WHAT NEEDS TO BE DONE:
Could you retype every entry below exactly as written?

Stored entries:

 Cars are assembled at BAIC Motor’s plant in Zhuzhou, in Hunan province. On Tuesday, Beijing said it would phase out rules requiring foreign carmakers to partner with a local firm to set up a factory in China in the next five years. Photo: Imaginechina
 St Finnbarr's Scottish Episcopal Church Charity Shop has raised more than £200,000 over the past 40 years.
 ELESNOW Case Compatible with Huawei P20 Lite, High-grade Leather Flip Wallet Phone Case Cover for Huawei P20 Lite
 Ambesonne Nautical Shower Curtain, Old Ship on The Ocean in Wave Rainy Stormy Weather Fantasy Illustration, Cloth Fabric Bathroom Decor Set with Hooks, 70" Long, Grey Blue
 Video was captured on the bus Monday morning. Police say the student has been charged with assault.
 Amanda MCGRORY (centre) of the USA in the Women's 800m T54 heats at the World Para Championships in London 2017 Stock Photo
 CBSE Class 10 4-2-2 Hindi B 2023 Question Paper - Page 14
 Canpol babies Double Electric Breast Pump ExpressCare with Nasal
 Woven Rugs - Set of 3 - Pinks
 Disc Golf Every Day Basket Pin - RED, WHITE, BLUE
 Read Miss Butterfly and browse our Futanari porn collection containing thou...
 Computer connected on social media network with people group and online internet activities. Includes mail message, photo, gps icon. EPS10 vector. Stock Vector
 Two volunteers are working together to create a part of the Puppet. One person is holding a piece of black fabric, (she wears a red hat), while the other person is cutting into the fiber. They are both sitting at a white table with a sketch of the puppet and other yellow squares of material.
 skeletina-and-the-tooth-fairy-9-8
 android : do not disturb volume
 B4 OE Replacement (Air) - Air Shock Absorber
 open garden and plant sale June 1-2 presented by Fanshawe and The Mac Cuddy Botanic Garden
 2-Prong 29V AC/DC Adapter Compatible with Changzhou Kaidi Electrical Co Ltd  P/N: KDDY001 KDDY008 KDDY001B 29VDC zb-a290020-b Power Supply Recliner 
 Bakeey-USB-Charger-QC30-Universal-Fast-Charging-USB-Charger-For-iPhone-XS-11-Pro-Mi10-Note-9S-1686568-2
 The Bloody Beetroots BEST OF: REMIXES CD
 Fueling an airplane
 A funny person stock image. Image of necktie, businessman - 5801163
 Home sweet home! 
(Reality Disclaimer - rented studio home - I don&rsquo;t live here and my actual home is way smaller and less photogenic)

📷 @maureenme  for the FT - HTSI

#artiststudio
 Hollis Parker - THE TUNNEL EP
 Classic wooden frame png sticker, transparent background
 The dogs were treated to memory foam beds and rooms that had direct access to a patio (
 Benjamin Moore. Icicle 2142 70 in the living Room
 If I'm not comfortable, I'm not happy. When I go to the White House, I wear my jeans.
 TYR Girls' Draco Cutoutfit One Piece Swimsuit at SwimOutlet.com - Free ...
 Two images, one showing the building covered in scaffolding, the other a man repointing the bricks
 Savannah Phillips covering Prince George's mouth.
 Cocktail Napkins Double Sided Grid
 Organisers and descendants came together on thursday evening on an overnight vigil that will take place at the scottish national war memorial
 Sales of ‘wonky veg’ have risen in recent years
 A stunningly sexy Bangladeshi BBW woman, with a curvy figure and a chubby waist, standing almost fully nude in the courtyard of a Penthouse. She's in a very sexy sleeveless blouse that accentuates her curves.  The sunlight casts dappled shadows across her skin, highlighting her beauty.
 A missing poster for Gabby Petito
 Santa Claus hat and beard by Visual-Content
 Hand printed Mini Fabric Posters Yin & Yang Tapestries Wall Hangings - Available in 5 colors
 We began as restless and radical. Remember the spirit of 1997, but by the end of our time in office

RESULT OF THE EXERCISE:
 Cars are assembled at BAIC Motor’s plant in Zhuzhou, in Hunan province. On Tuesday, Beijing said it would phase out rules requiring foreign carmakers to partner with a local firm to set up a factory in China in the next five years. Photo: Imaginechina
 St Finnbarr's Scottish Episcopal Church Charity Shop has raised more than £200,000 over the past 40 years.
 ELESNOW Case Compatible with Huawei P20 Lite, High-grade Leather Flip Wallet Phone Case Cover for Huawei P20 Lite
 Ambesonne Nautical Shower Curtain, Old Ship on The Ocean in Wave Rainy Stormy Weather Fantasy Illustration, Cloth Fabric Bathroom Decor Set with Hooks, 70" Long, Grey Blue
 Video was captured on the bus Monday morning. Police say the student has been charged with assault.
 Amanda MCGRORY (centre) of the USA in the Women's 800m T54 heats at the World Para Championships in London 2017 Stock Photo
 CBSE Class 10 4-2-2 Hindi B 2023 Question Paper - Page 14
 Canpol babies Double Electric Breast Pump ExpressCare with Nasal
 Woven Rugs - Set of 3 - Pinks
 Disc Golf Every Day Basket Pin - RED, WHITE, BLUE
 Read Miss Butterfly and browse our Futanari porn collection containing thou...
 Computer connected on social media network with people group and online internet activities. Includes mail message, photo, gps icon. EPS10 vector. Stock Vector
 Two volunteers are working together to create a part of the Puppet. One person is holding a piece of black fabric, (she wears a red hat), while the other person is cutting into the fiber. They are both sitting at a white table with a sketch of the puppet and other yellow squares of material.
 skeletina-and-the-tooth-fairy-9-8
 android : do not disturb volume
 B4 OE Replacement (Air) - Air Shock Absorber
 open garden and plant sale June 1-2 presented by Fanshawe and The Mac Cuddy Botanic Garden
 2-Prong 29V AC/DC Adapter Compatible with Changzhou Kaidi Electrical Co Ltd  P/N: KDDY001 KDDY008 KDDY001B 29VDC zb-a290020-b Power Supply Recliner 
 Bakeey-USB-Charger-QC30-Universal-Fast-Charging-USB-Charger-For-iPhone-XS-11-Pro-Mi10-Note-9S-1686568-2
 The Bloody Beetroots BEST OF: REMIXES CD
 Fueling an airplane
 A funny person stock image. Image of necktie, businessman - 5801163
 Home sweet home! 
(Reality Disclaimer - rented studio home - I don&rsquo;t live here and my actual home is way smaller and less photogenic)

📷 @maureenme  for the FT - HTSI

#artiststudio
 Hollis Parker - THE TUNNEL EP
 Classic wooden frame png sticker, transparent background
 The dogs were treated to memory foam beds and rooms that had direct access to a patio (
 Benjamin Moore. Icicle 2142 70 in the living Room
 If I'm not comfortable, I'm not happy. When I go to the White House, I wear my jeans.
 TYR Girls' Draco Cutoutfit One Piece Swimsuit at SwimOutlet.com - Free ...
 Two images, one showing the building covered in scaffolding, the other a man repointing the bricks
 Savannah Phillips covering Prince George's mouth.
 Cocktail Napkins Double Sided Grid
 Organisers and descendants came together on thursday evening on an overnight vigil that will take place at the scottish national war memorial
 Sales of ‘wonky veg’ have risen in recent years
 A stunningly sexy Bangladeshi BBW woman, with a curvy figure and a chubby waist, standing almost fully nude in the courtyard of a Penthouse. She's in a very sexy sleeveless blouse that accentuates her curves.  The sunlight casts dappled shadows across her skin, highlighting her beauty.
 A missing poster for Gabby Petito
 Santa Claus hat and beard by Visual-Content
 Hand printed Mini Fabric Posters Yin & Yang Tapestries Wall Hangings - Available in 5 colors
 We began as restless and radical. Remember the spirit of 1997, but by the end of our time in office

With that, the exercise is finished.